# K-Means Homemade

Below and application of our homemade algorithm, and its benchmark with `sklearn` KMeans.

In [None]:
import numpy as np
import pandas as pd


import matplotlib.pyplot as plt
import seaborn as sns

from sklearn import datasets
from sklearn.cluster import KMeans
from sklearn.decomposition import PCA

# Import our library
import kmeans_homemade.kmeans as khm

We're using the `iris` dataset for this benchmark. See more [here](https://scikit-learn.org/stable/auto_examples/datasets/plot_iris_dataset.html).

In [None]:
iris = datasets.load_iris()
X = iris.data
y = iris.target

X[:5, :]

In [None]:
x_train = pd.DataFrame(X, columns = iris.feature_names)
x_train.head()

Quickly apply PCA on 2d to visualize it

In [None]:
# Reduce Dimensionality
pca_2d = PCA(n_components = 2).fit_transform(x_train)
pca_2d = pd.DataFrame(pca_2d)

# Plot
plt.figure(figsize=(15, 15))
sns.scatterplot(data = pca_2d, x = 0, y = 1)

## Fitting KMeans Homemade

We can load the data into our object and `fit` KMeans

In [None]:
# Load object
k_model = khm.KMeans(n_clusters = 3 , X = x_train)

In [None]:
k_model.__doc__.split('\n')

In [None]:
k_model.fit()

### Attributes

In [None]:
# Number of iterations
print(f'\nNumber of iterations \n {k_model.n_iter}')

# Cluster centroids
print(f'\nCluster centroids \n {k_model._centroids}')

# Assigned clusters/labels
print(f'\nAssigned Clusters \n {k_model._clusters}')

# Feature names (if available)
print(f'\nFeature Names \n {k_model.features}')

# Total Variance
print(f'\nTotal Variance \n {k_model.total_sse}')

### Visualising Clusters

In [None]:
print(k_model.n_iter)
pca_2d['labels'] = k_model._clusters

import seaborn as sns
plt.figure(figsize=(15, 15))
sns.scatterplot(data = pca_2d, x= 0, y=1, hue = "labels")

## Benchmarking

We can benchmark this model with that applied from `sklearn`.

In this case, we choose `init='random'`. This will do the same as our homemade algorithm: initialize random clusters.

By default, `KMeans` uses a smarter and faster way of initialising random centroids, instead of random clusters.
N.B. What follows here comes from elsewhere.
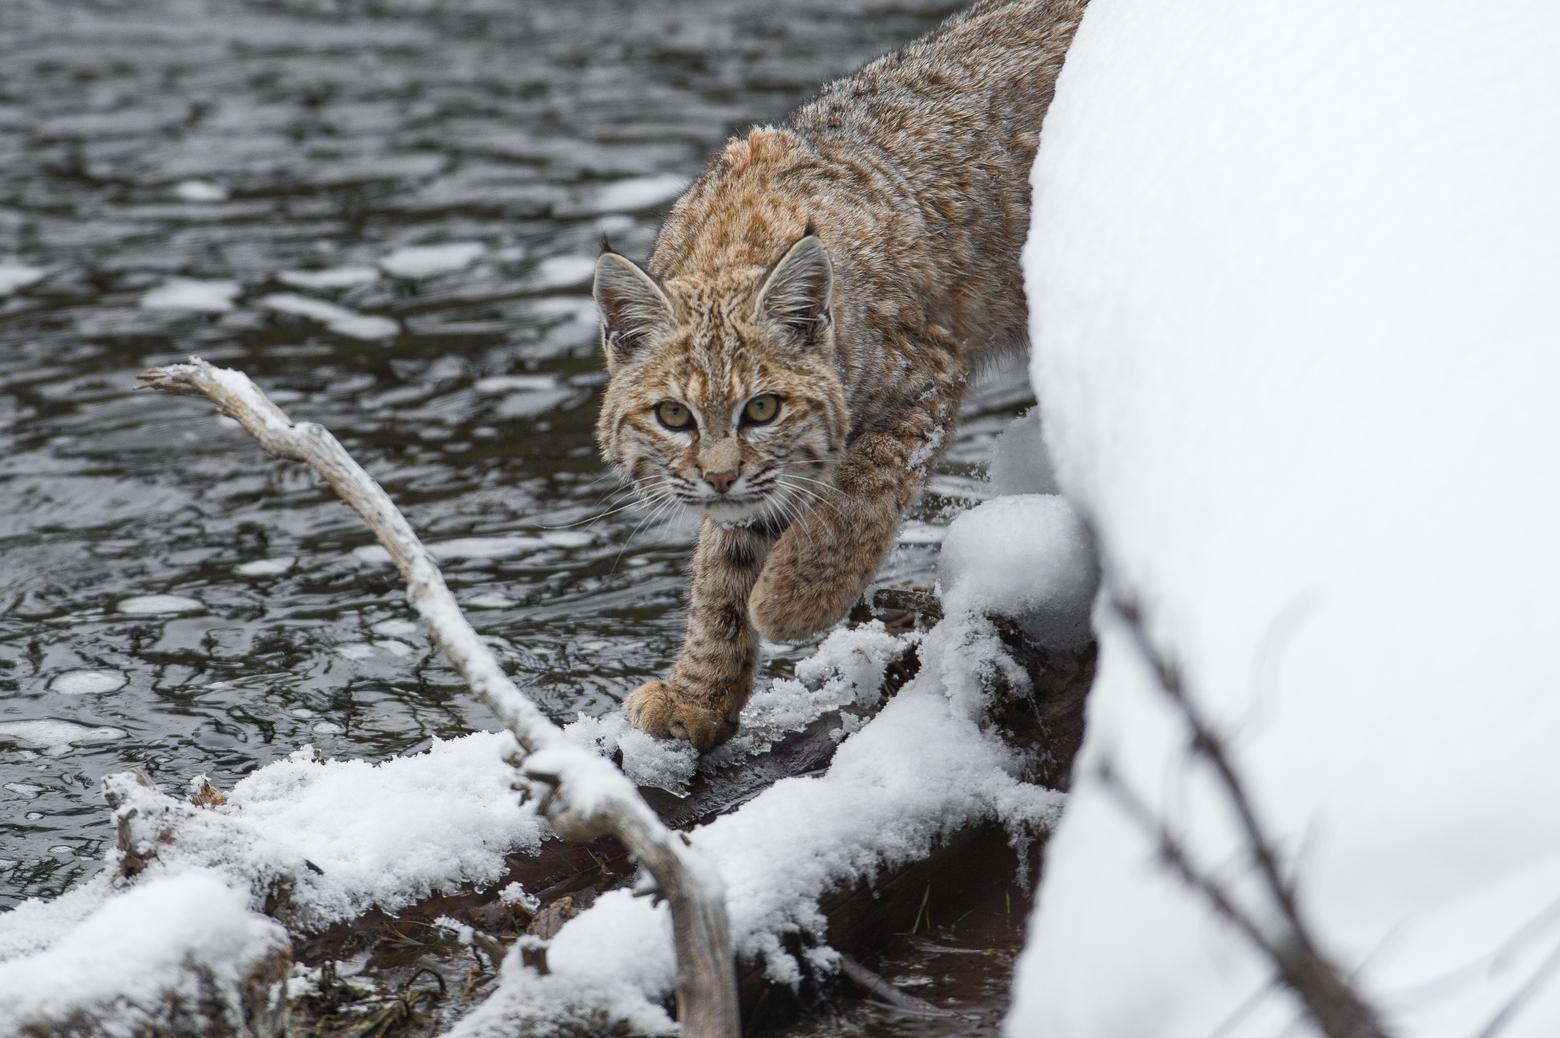 This is the Yellowstone bobcat whose economic impact Mark Elbroch, Lisa Robertson and colleagues assessed. This lone wildcat, in a single year, was responsible for an estimated $308,000 in economic activity owed to what wildlife photographers and others were willing to pay to go view it. Photo courtesy Neal Herbert/NPS

This ensures faster convergence.

We're too lazy to do that here so we will compare the random method.

In [None]:
fit_k_sk = KMeans(n_clusters = 3, init = 'random', random_state = 24).fit(x_train)

# Add Labels to PCA
pca_2d['labels_sk'] = fit_k_sk.predict(x_train)
plt.figure(figsize=(15, 15))
sns.scatterplot(data = pca_2d, x= 0, y=1, hue = "labels_sk")

In [None]:
print(f'Comparing Score: \n sklearn KMeans {-fit_k_sk.score(X)} \n Homemade KMeans {k_model.total_sse}')

In [None]:
print(f'Comparing centroids: \n sklearn KMeans \n {fit_k_sk.cluster_centers_} \n\n Homemade KMeans \n{k_model._centroids}')

In [None]:
print(f'Comparing iterations: \n sklearn KMeans \n {fit_k_sk.n_iter_} \n Homemade KMeans \n{k_model.n_iter}')

Only one point was slightly misclassified by our algorithm, in comparison with sklearn.

# Conclusion

Above a comparison of our homemade KMeans model with `sklearn` KMeans. Our model is clearly not as efficient, and no one is ever going to use it, but this shows to prove how we can easily de-mistify an algorithm with some lines of code, and little help from external libraries.